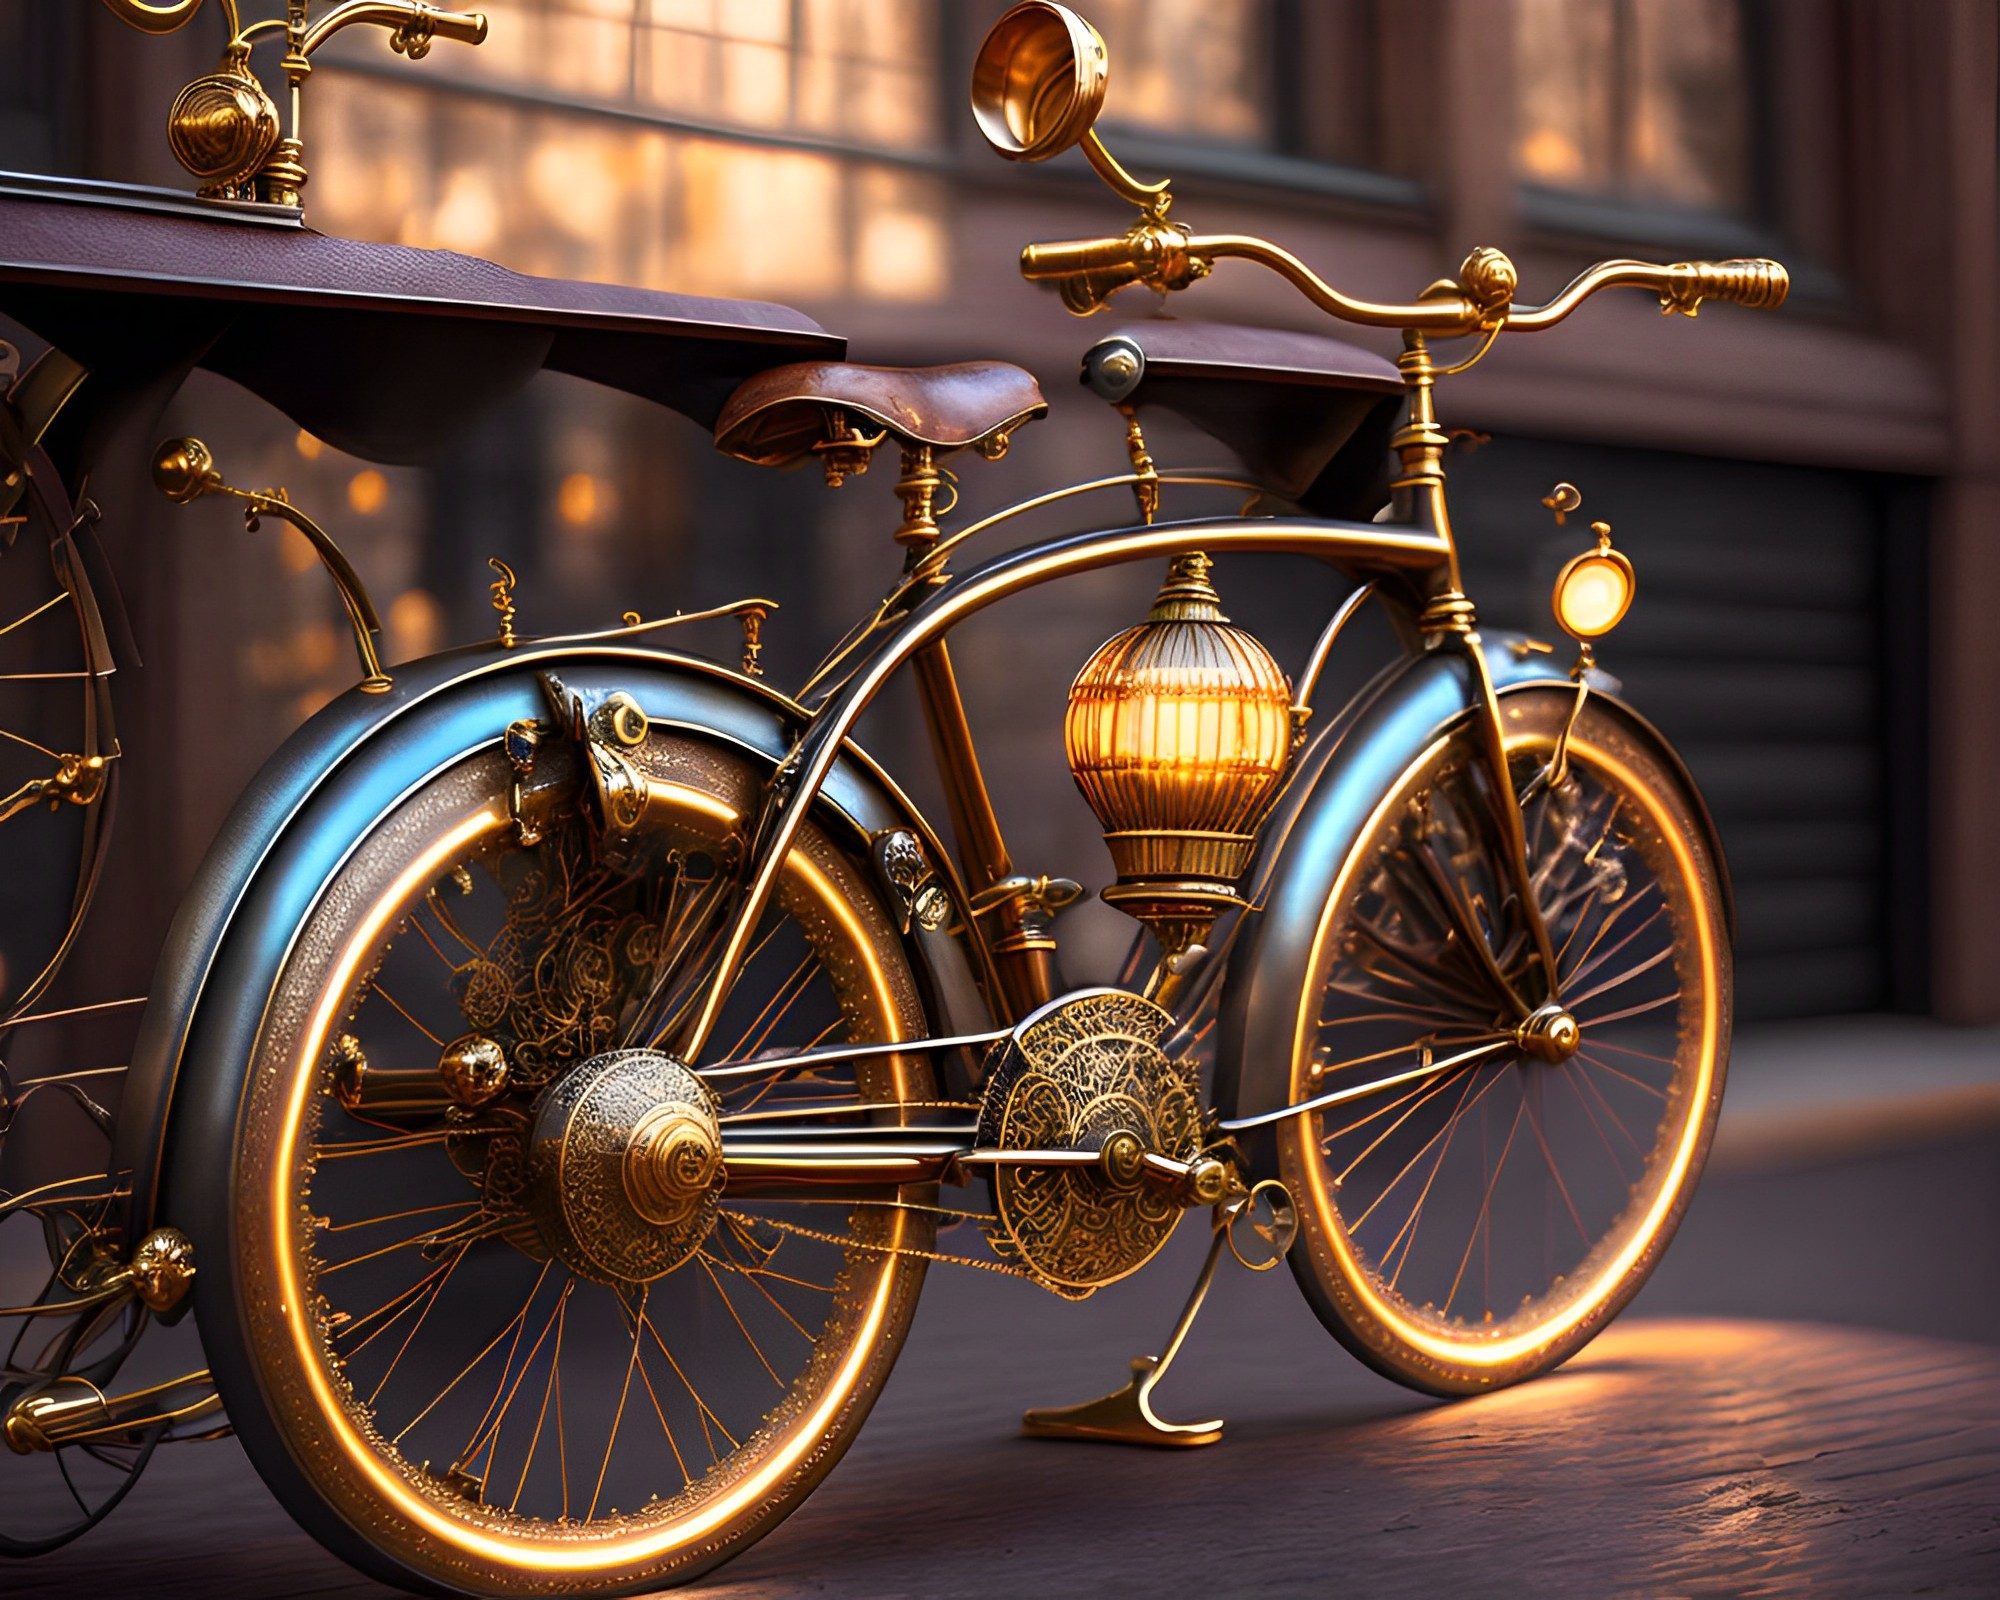 ・スチームパンク風のかっこいいゴールデン自転車と西洋の街並み
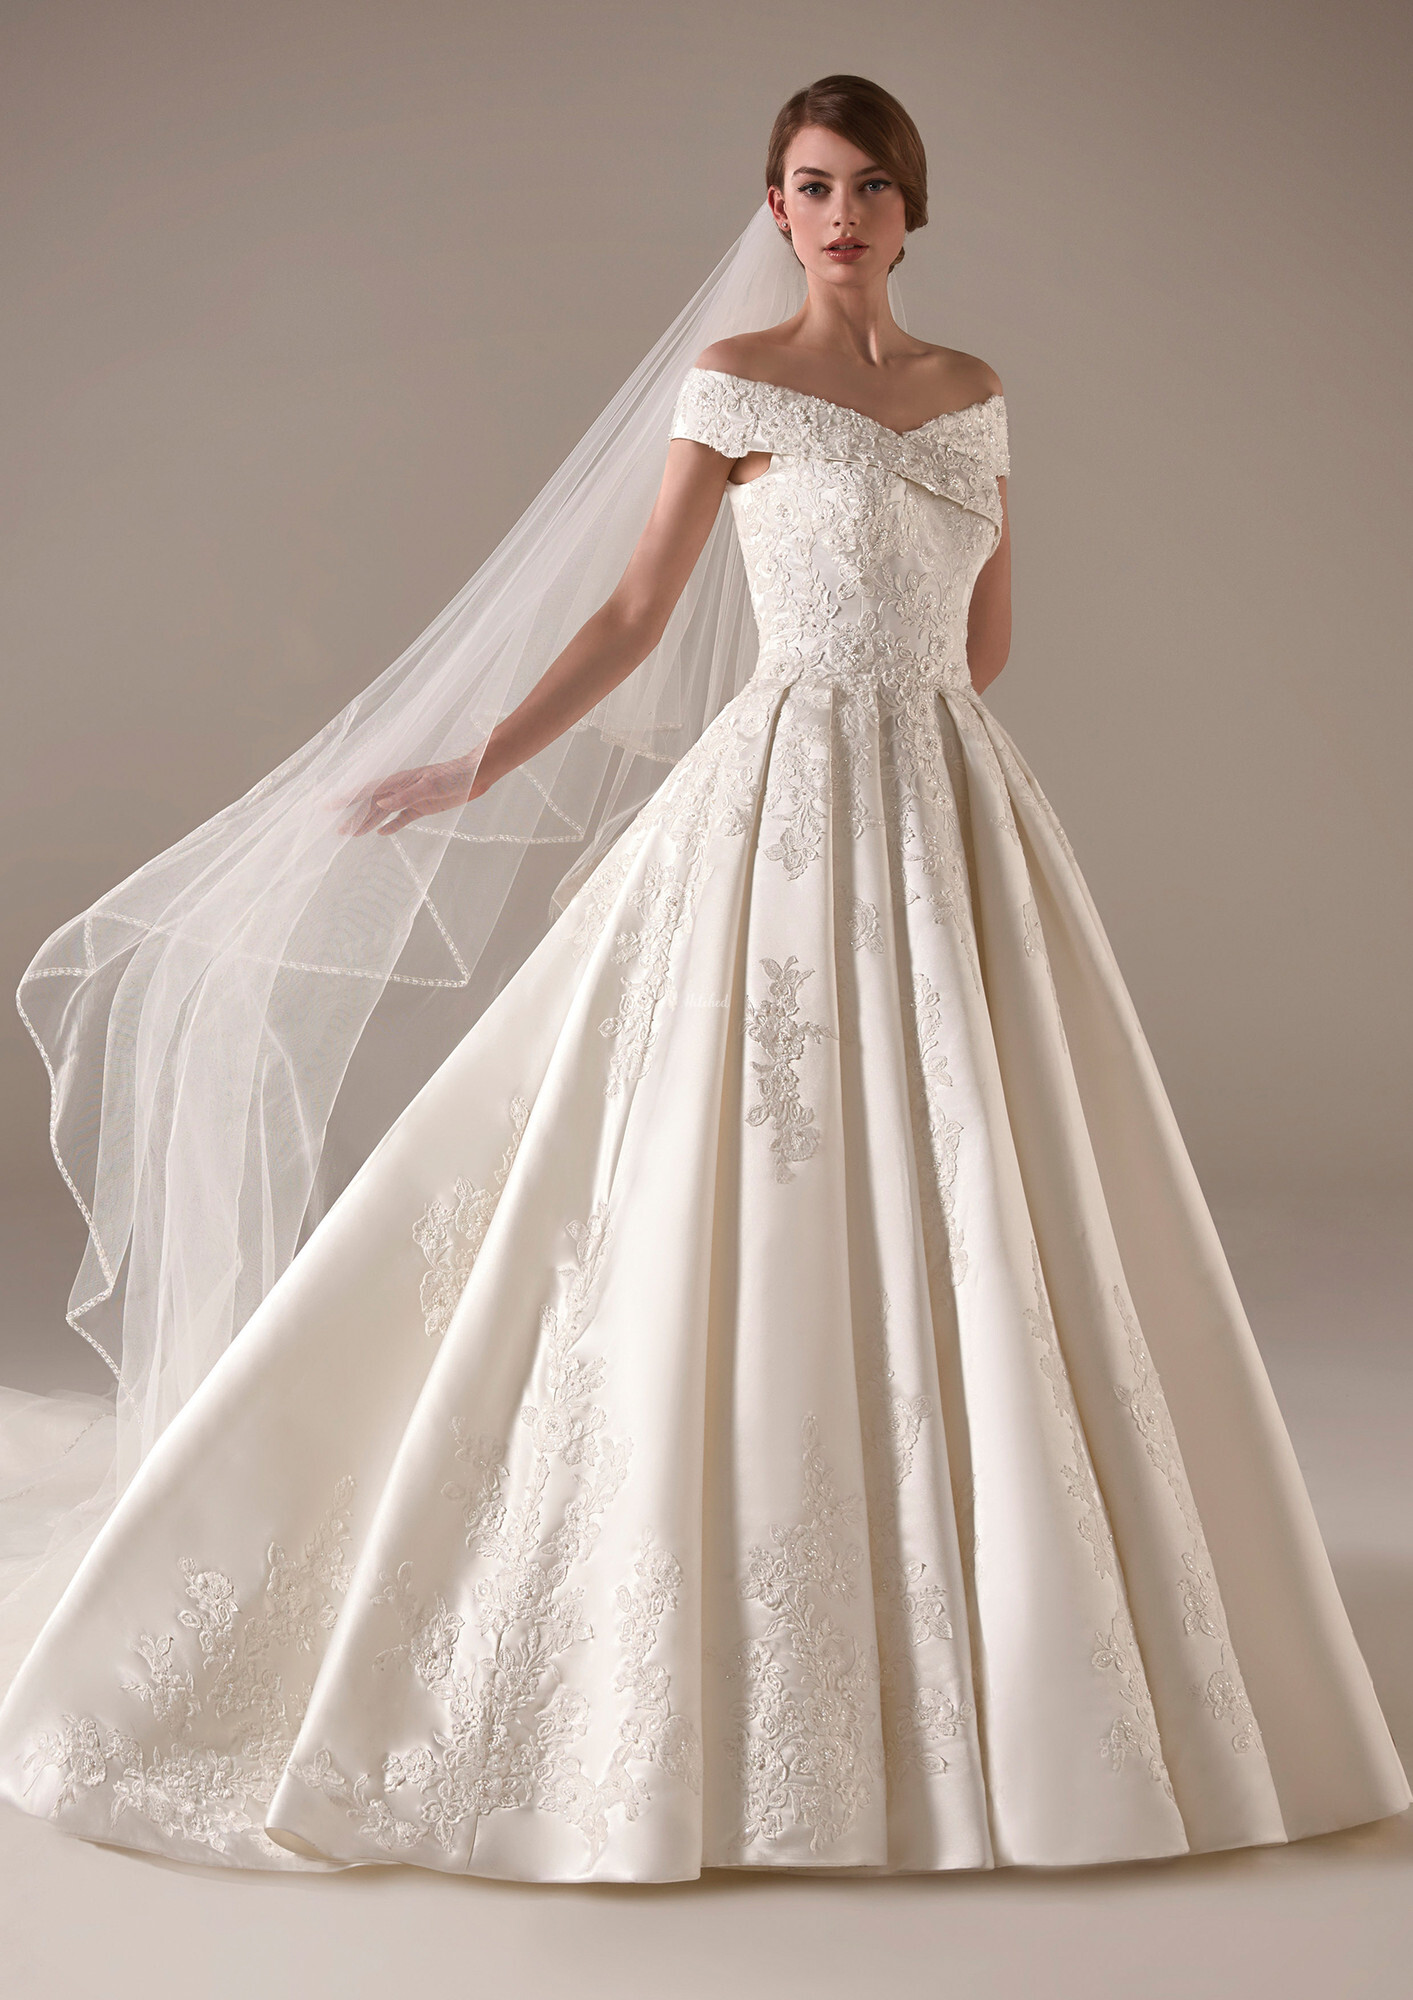 EMMA Wedding Dress from Pronovias - hitched.co.uk
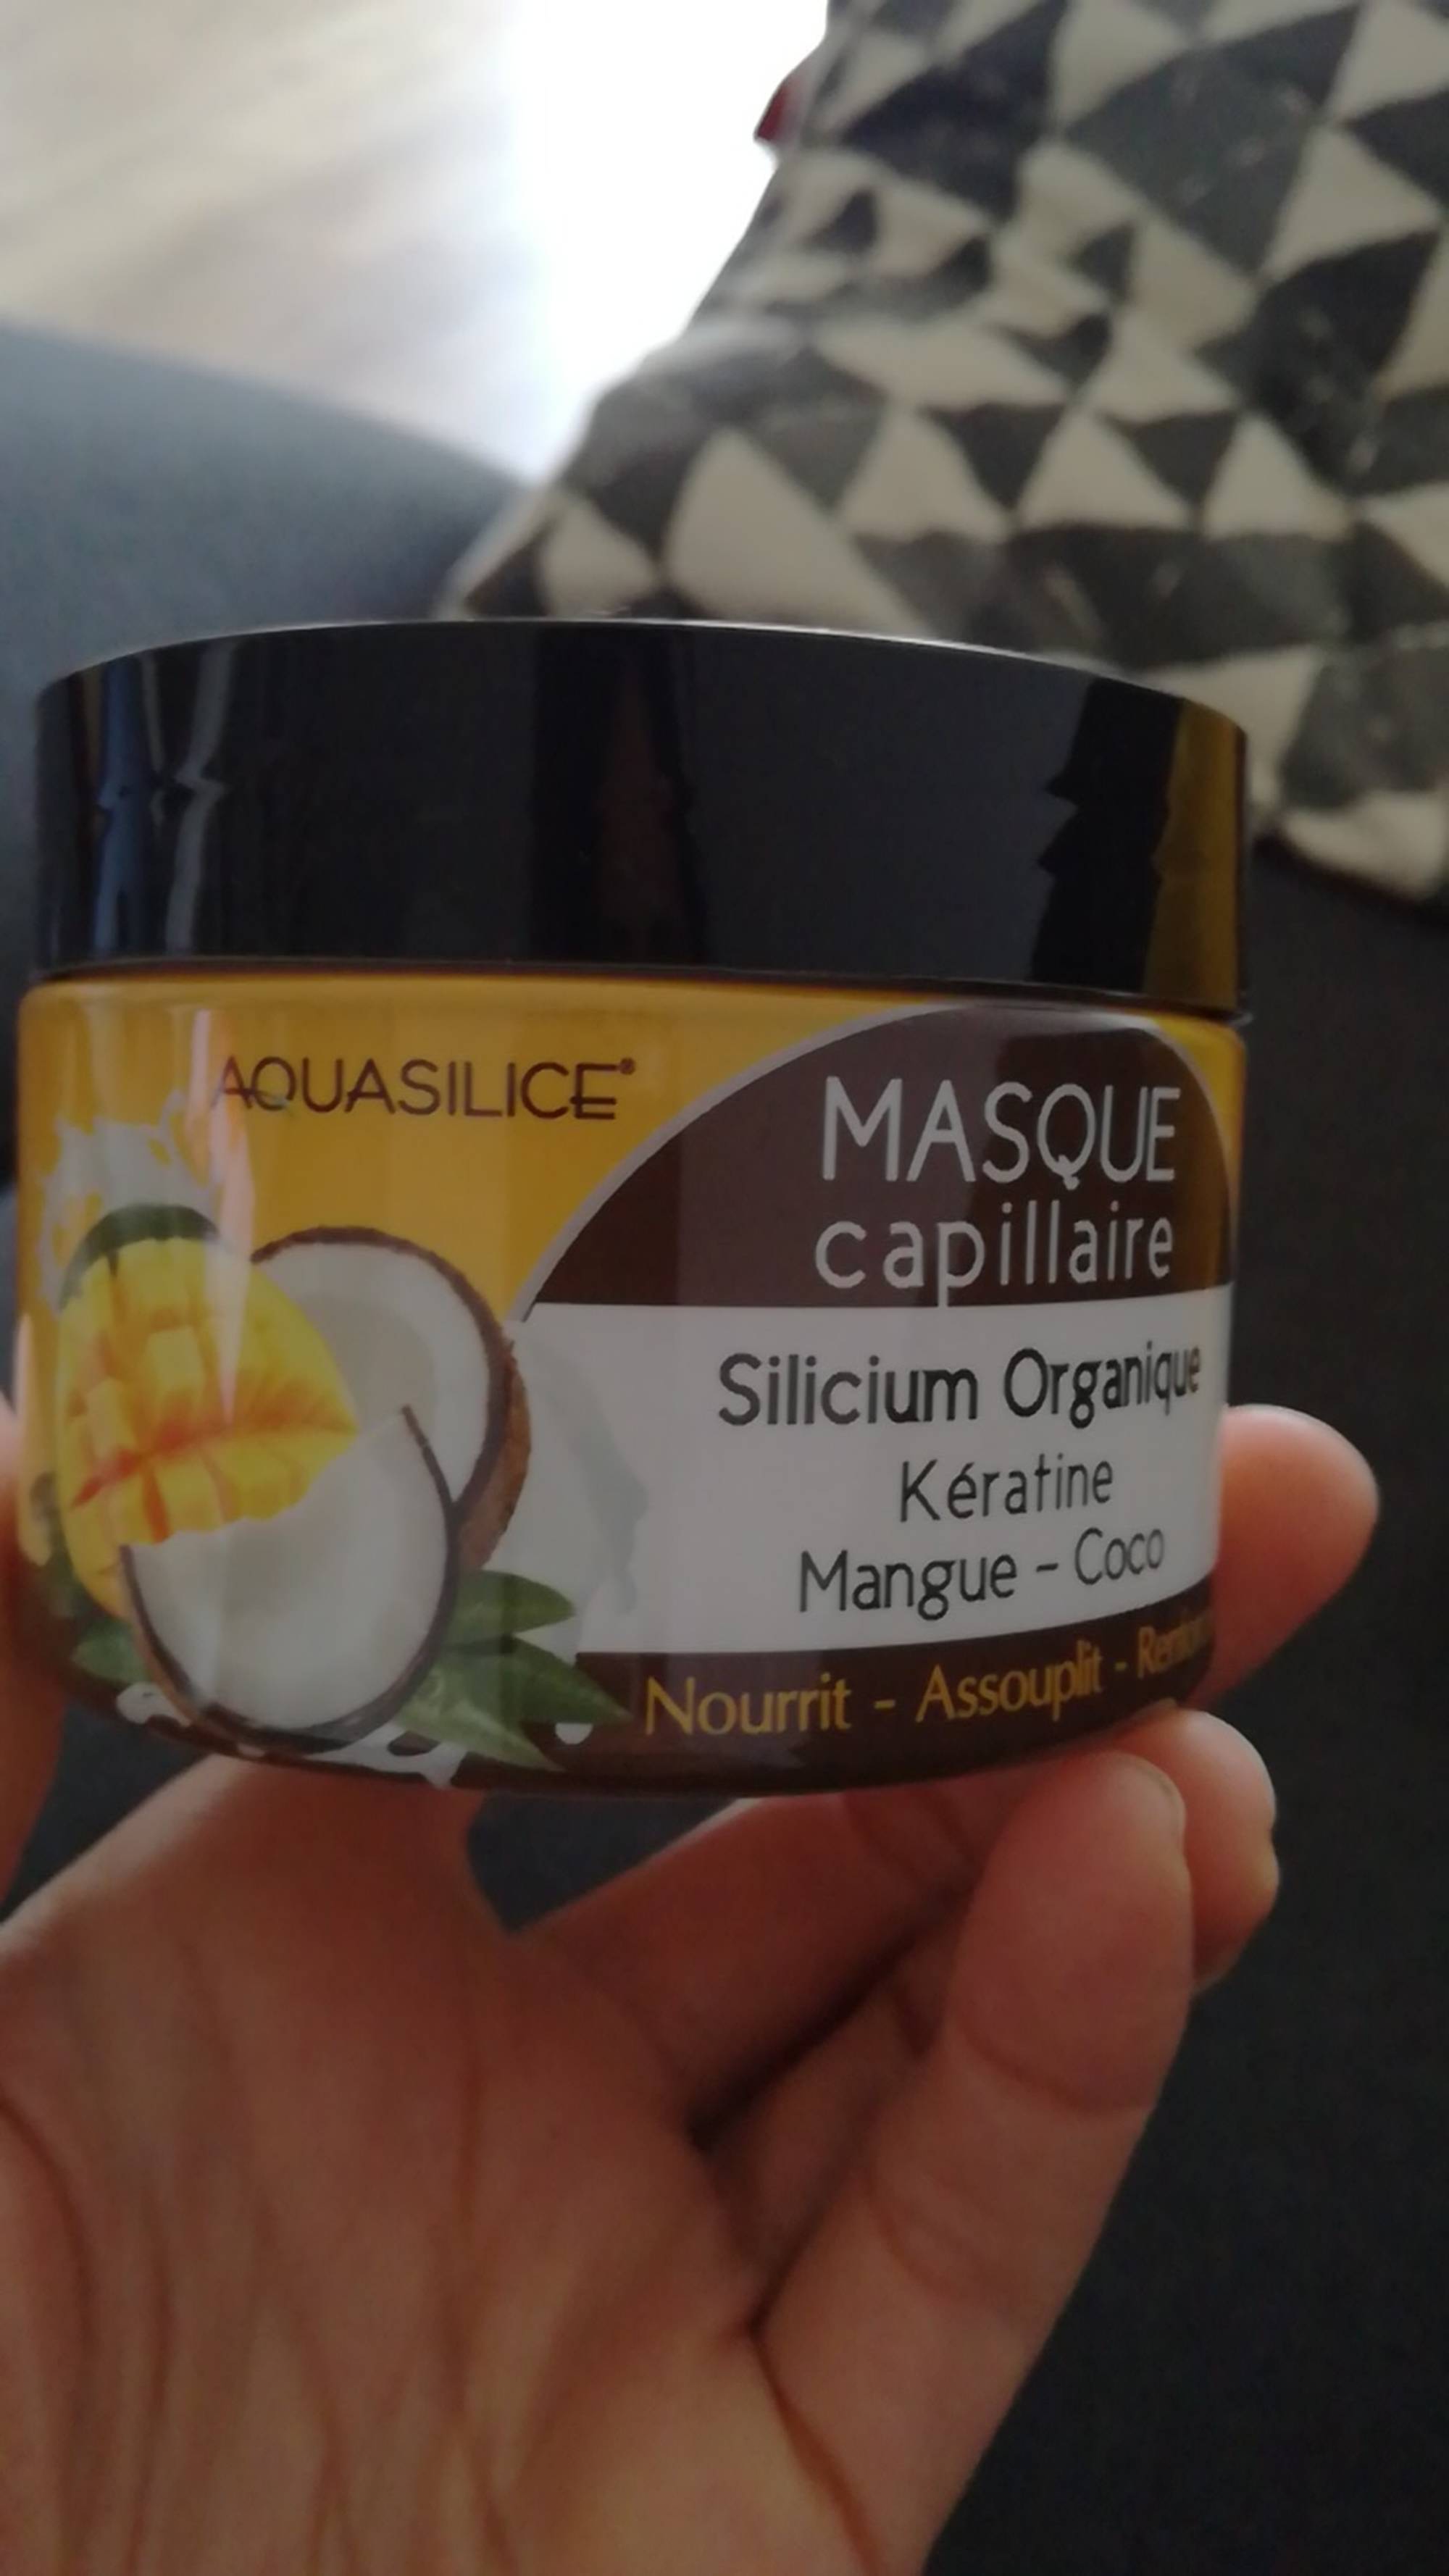 AQUASILICE - Masque capillaire silicium organique

** What the task asks **
Set down, word for word, the full listing above, and carry over no pictures.

** Reply to the task **
 ・スチームパンク風のかっこいいゴールデン自転車と西洋の街並み
 EMMA Wedding Dress from Pronovias - hitched.co.uk
 AQUASILICE - Masque capillaire silicium organique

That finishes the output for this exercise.